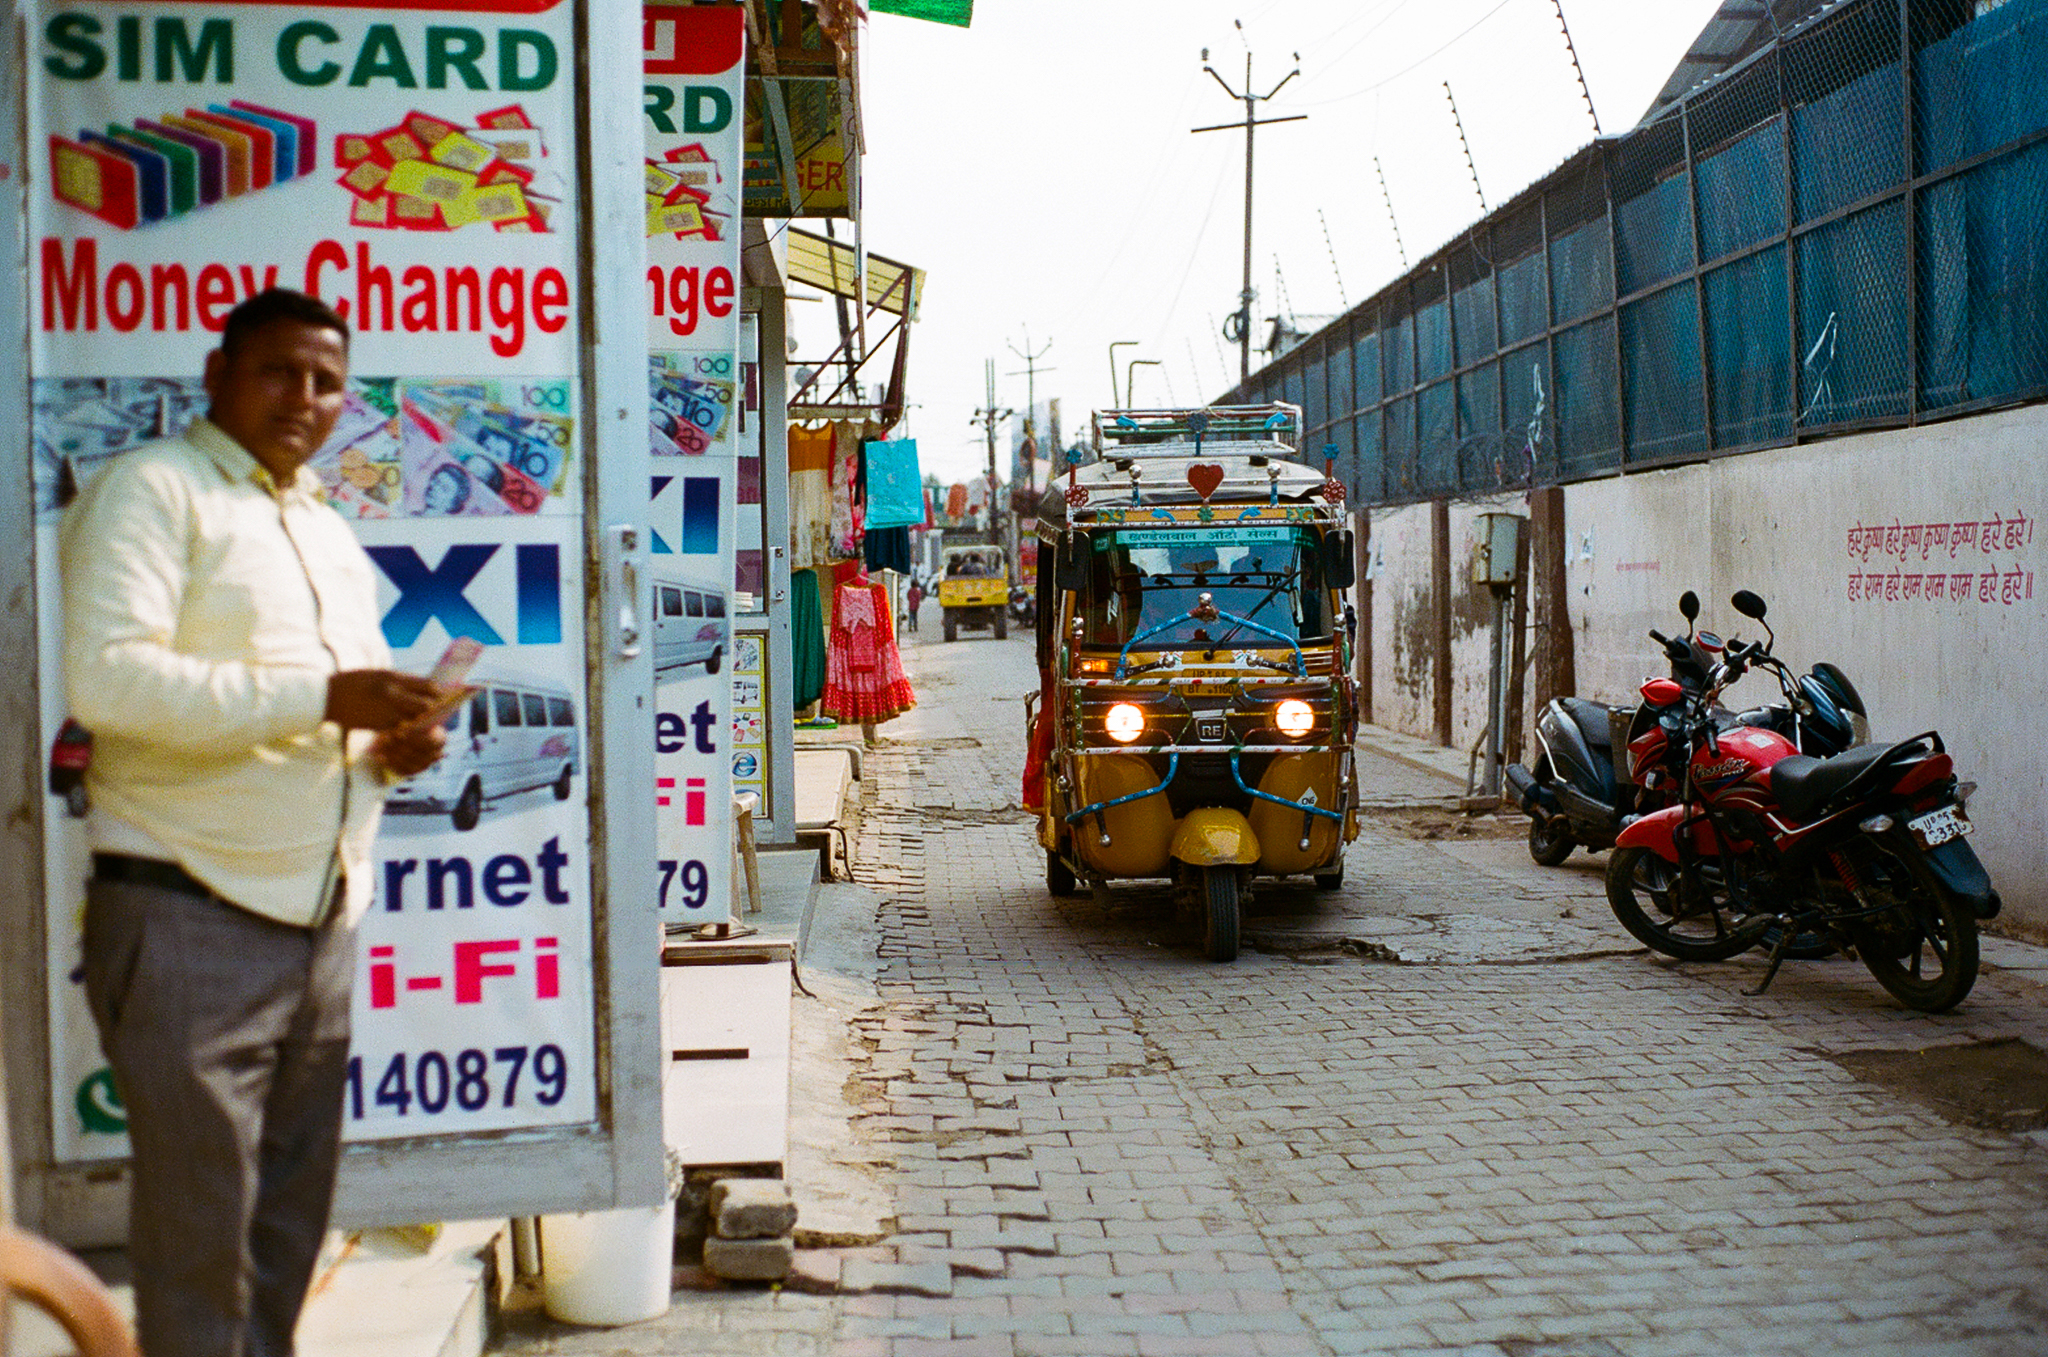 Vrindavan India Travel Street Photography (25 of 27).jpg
* * *
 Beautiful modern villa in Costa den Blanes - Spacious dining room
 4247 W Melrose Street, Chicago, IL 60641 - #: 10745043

Your assignment:
From the listing above, the lines starting with the one that has "Beautiful modern villa" and running through the one that has "4247 W Melrose" should be copied exactly, ends included.

Answer space:
 Beautiful modern villa in Costa den Blanes - Spacious dining room
 4247 W Melrose Street, Chicago, IL 60641 - #: 10745043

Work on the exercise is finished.